My first two are much closer than #2 &#3. I think this is because of the larger age gap. So, I voted for 2 1/2 yr split. (Assuming you are excellent at getting pg when you want to!) Another plus, IMO was that before my kids were 3, they were content to be at home all the time. After 3, they seemed to want the play dates, they are in preschool, etc--which is kinda crazy when you have a newborn. Either way, the first six months will be challenging, but once that new one can sit up and be "entertained" by the older. . .life is fun again. The oldest feels so important and special because the baby is completely infatuated by them and mom gets a chance to make dinner and breathe.

Amy
post #10 of 11
"family planning" is not always the way you want. So I would say that if you want more then...leave the planning to God.

I have 2 boys 3 yrs apart. But I miscarried inbetween. So.......you never know.
post #11 of 11
Quote:
Originally Posted by Nazsmum View Post
"family planning" is not always the way you want. So I would say that if you want more then...leave the planning to God.
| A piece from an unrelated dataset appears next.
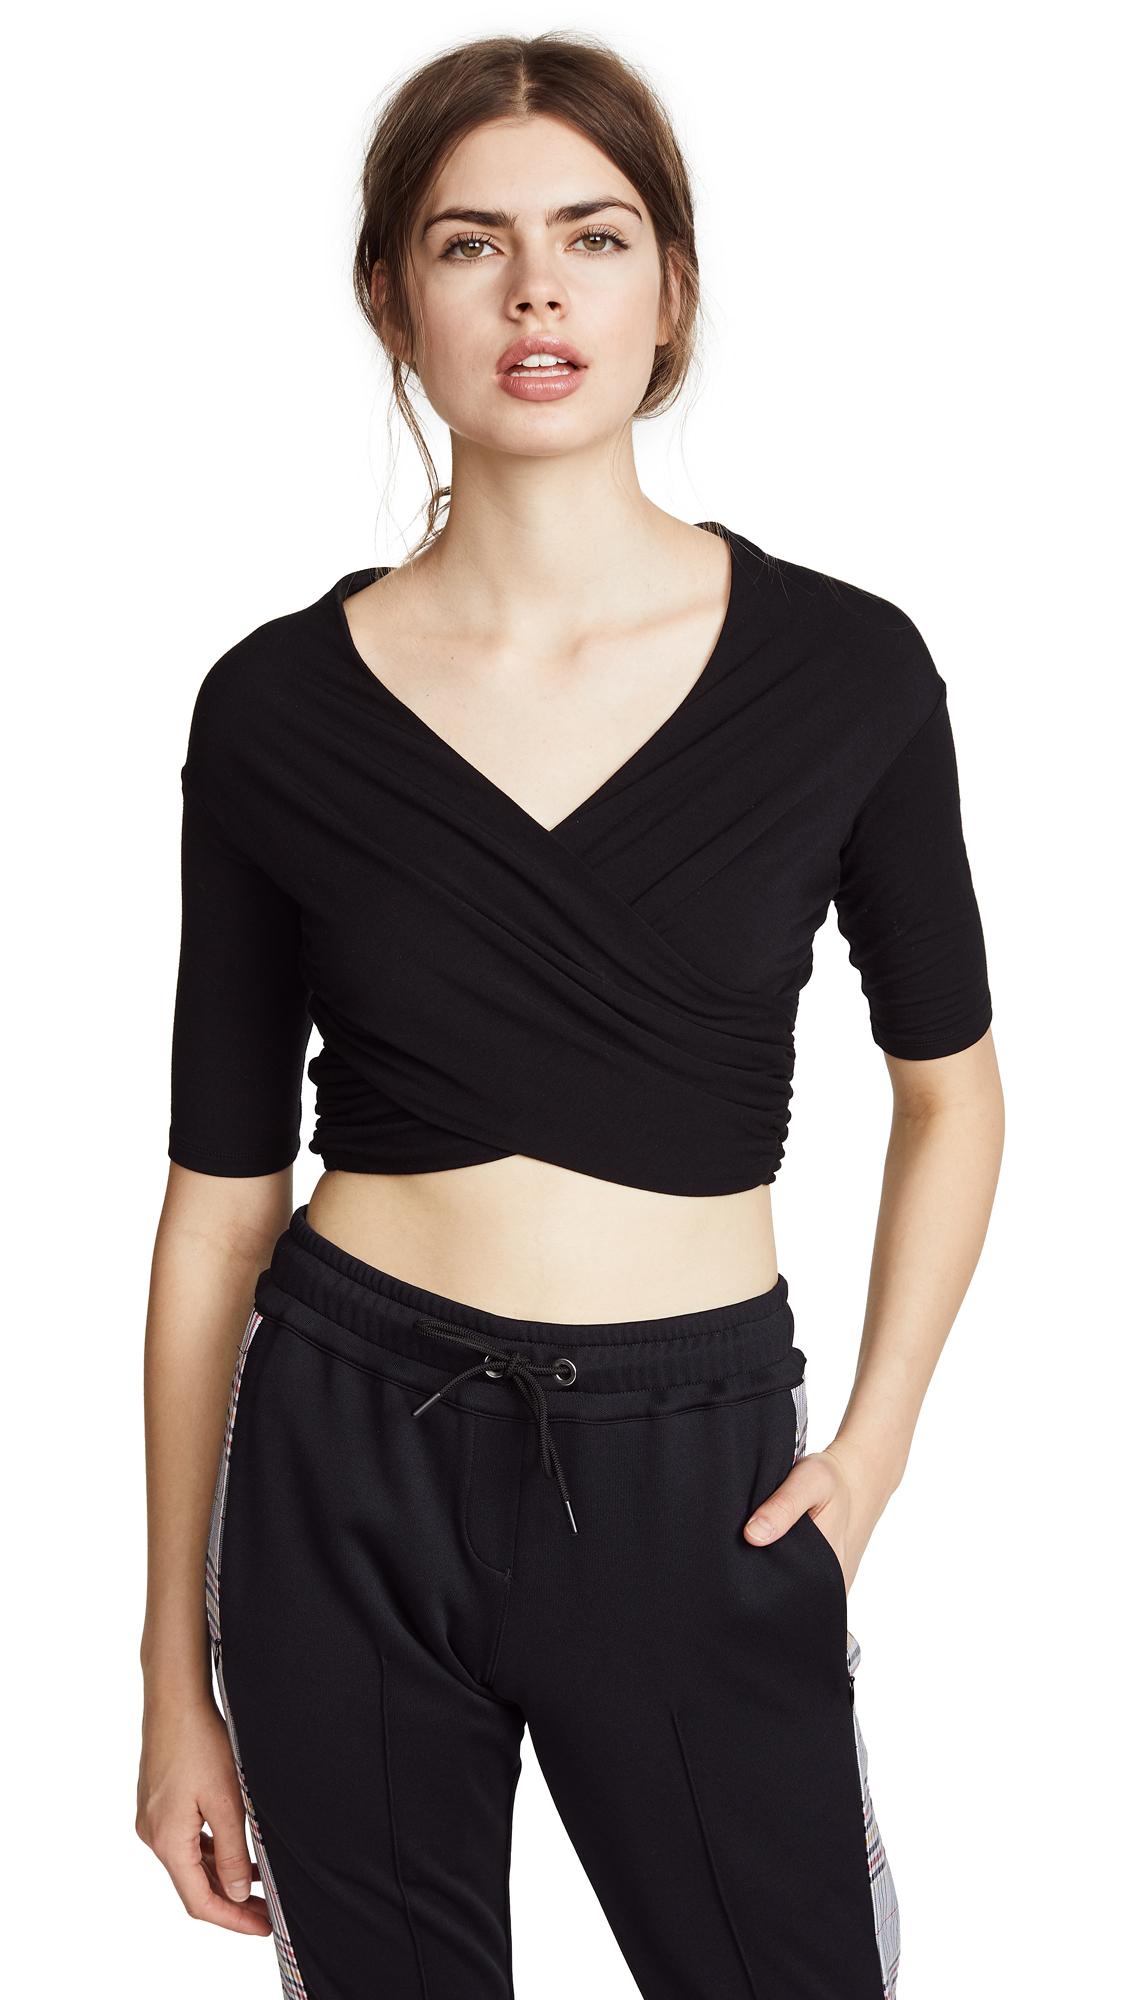 Alexanderwang.T Black Stretch Jersey Double Layer Wrap T-Shirt in 001 Black

I have 2 boys 3 yrs apart. But I miscarried inbetween. So.......you never know.
Ditto - I thought we would have kids 2 years or under apart - right now, if this is a sticky baby, we will be at 2y8m apart. The good thing is that DD is getting SO much more independant than she was even a month ago, so I'm actually glad it has worked out this way. I think she will do better with the bigger age gap. In fact, I'm liking having this time with her so much, we will most likely not start trying until around 18mo or so, instead of 12m.